281 F. 594 | D.C. Cir. | 1922
In an interference between Leonard and Everett, the Commissioner awarded priority to the latter. The invention involved relates to a lighting system for vehicles, such as automobiles and railway cars, and comprises an electric generator and a storage battery. There are 39 counts, of which the first 15 are drawn to an apparatus, and the remainder to a process or method. We give counts 1 and 16 as typical:
1. The combination of a source of mechanical power capable of being varied from zero to a maximum speed, a dynamo armature adapted to be driven by said source, a storage battery, connecting means therefor, an electromagnetic winding in said connecting means, a vibratory switch element adapted to be vibrated between its open and closed positions in response to maximum and minimum current passing through said winding, and an electromagnetic winding for controlling the voltage generate^, by said armature; the current passing through said last-named winding being controlled by said switch element.
16. The method of charging a storage battery which consists in generating by magnetic induction unidirectional electric energy, and controlling the energy according to the amperage to vary the amperes from a certain minimum to a certain maximum, thereby producing rhythmic fluctuations in the battery charging energy, while maintaining the average effect of the current constant independently of the voltage of the battery.

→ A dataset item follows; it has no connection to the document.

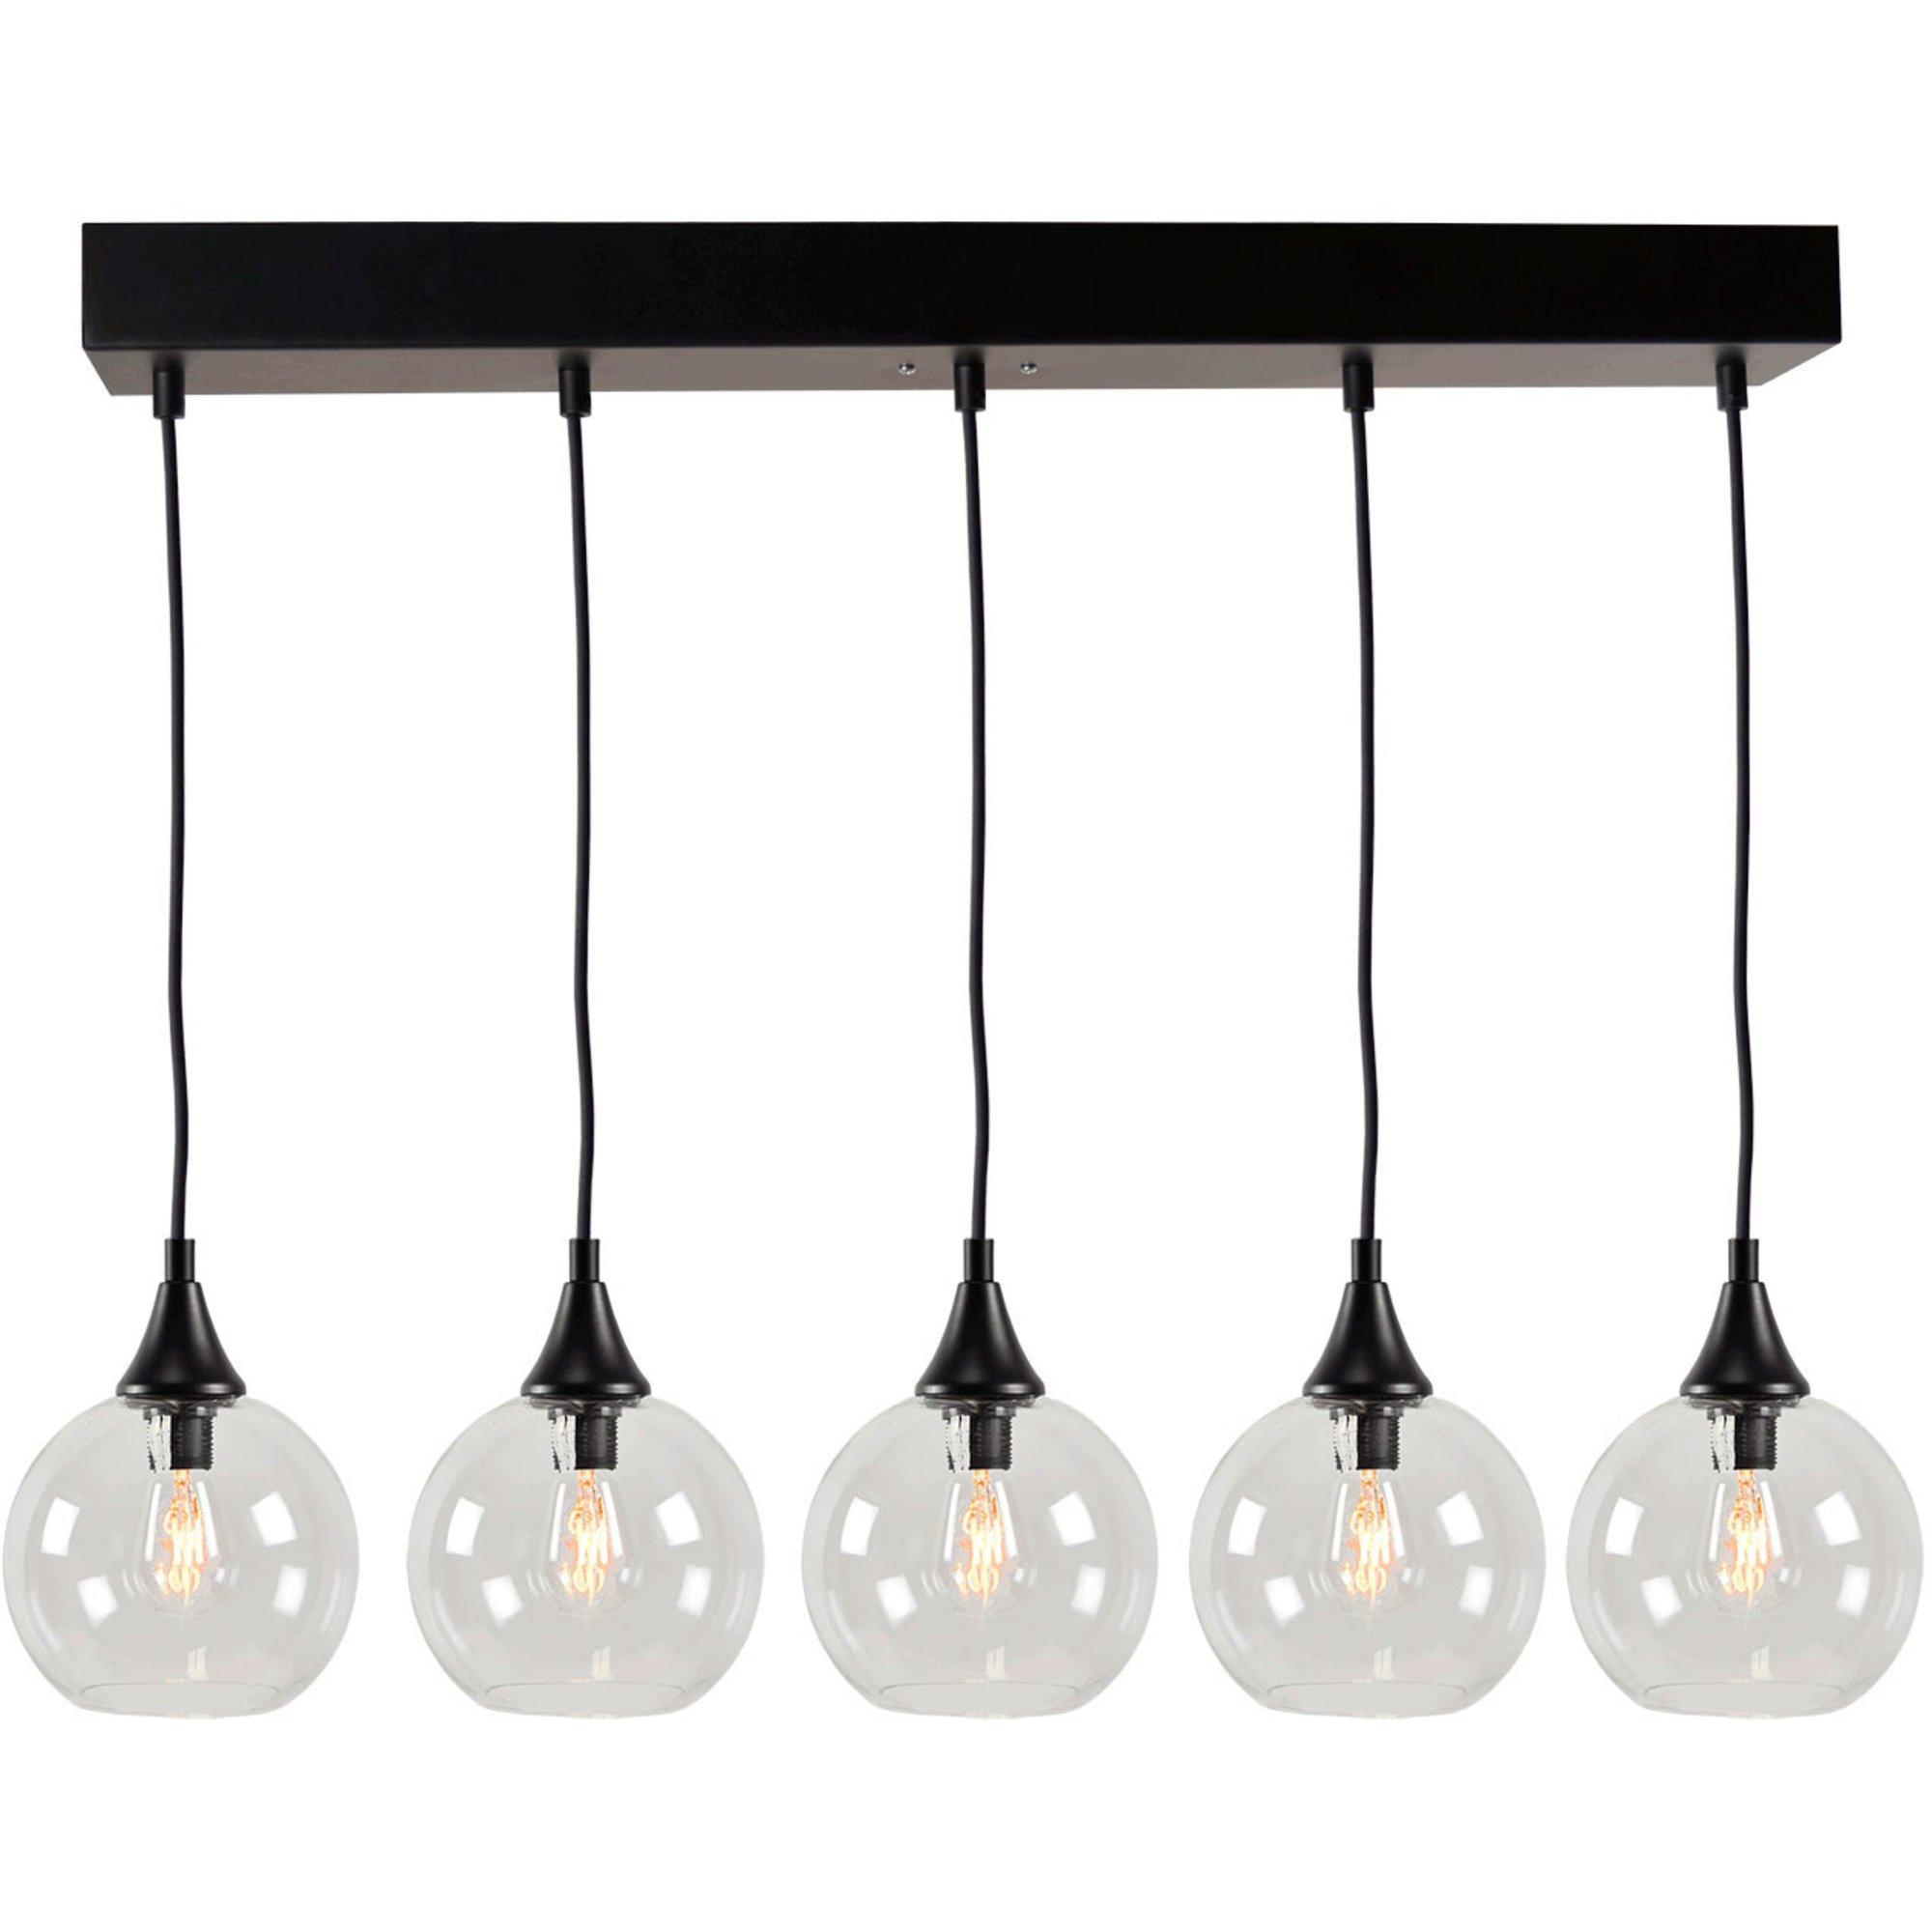 Globen Lighting Pallas Pendel 5 klar/svart

The contest is between a patent to Leonard granted December, 1914, on an application filed April, 1913, which is a division of an application filed January, 1910, and a patent issued October, 1915, on an application filed January, 1910, on the one side, and an application of Everett filed January, 1906, on the other side. Leonard filed no preliminary statement. He is, therefore, confined for conception and reduction to practice to his earliest filing date, January, 1910. Everett, however, made all the counts of the interference as claims in his application filed in January, 1906; hence he is the senior party, and the burden of proof is on Leonard. The latter argues that Everett is es-topped by public use from making the claims, and, even if he is not, that he has no right, for other reasons, to make them. Against him
The case of De Ferranti v. Harmatta, 50 App. D. C. 393, 273 Fed. 357, urged upon us as decisive of the point, does not help Leonard. In that case a patent had been issued to one Rietzel more than four years before De Ferranti made the claims embraced in the patent, and we held that, since they were not made within two years, they were barred. This is in perfect harmony with the rule announced in the Chapman Case. The mere fact that an invention is put into public use by a third party long after another person has filed his application for a patent on the same invention, and while his application is awaiting final action by the Office, does not bar the latter from claiming the invention. There is nothing in the Chapman Case, or in any other authority with which we are familiar, which holds to the contrary.
Everett copied the claims for the apparatus patent within two years after it had issued to Leonard. In this respect he was in time within the rule of the Chapman and De Ferranti Cases. See, also, Wahl v. Main, 51 App. D. C. 398, 280 Fed. 974.
“The method is inherent in the apparatus and in considering the question of priority, which is the question before us, it is thought safe to say that the one who first invented the apparatus, first invented the method. In reality the invention is integral, although in mental conception it may be more broadly expressed in the method claims. Everett unquestionably has always had the basis for and subject-matter of the method in his application. With this view it would seem to be absurd to permit him to make the apparatus claims and not permit him to make the method claims.”
The other tribunals, pursuing substantially the same line of reasoning, reached a like conclusion, and we agree with them.
In response to a writ of certiorari issued on the motion of Everett the Patent Office certified' to this court certain parts of the record which we find were immaterial to a decision of the question involved, and therefore the costs on the writ are assessed against Stephen W. Everett.
The decision of the Commissioner must be, and it is, affirmed.
Mr. Justice HITZ, of the Supreme Court of the District of Columbia, sat in the place of Mr. Justice VAN ORSDER in the hearing and determination of this appeal.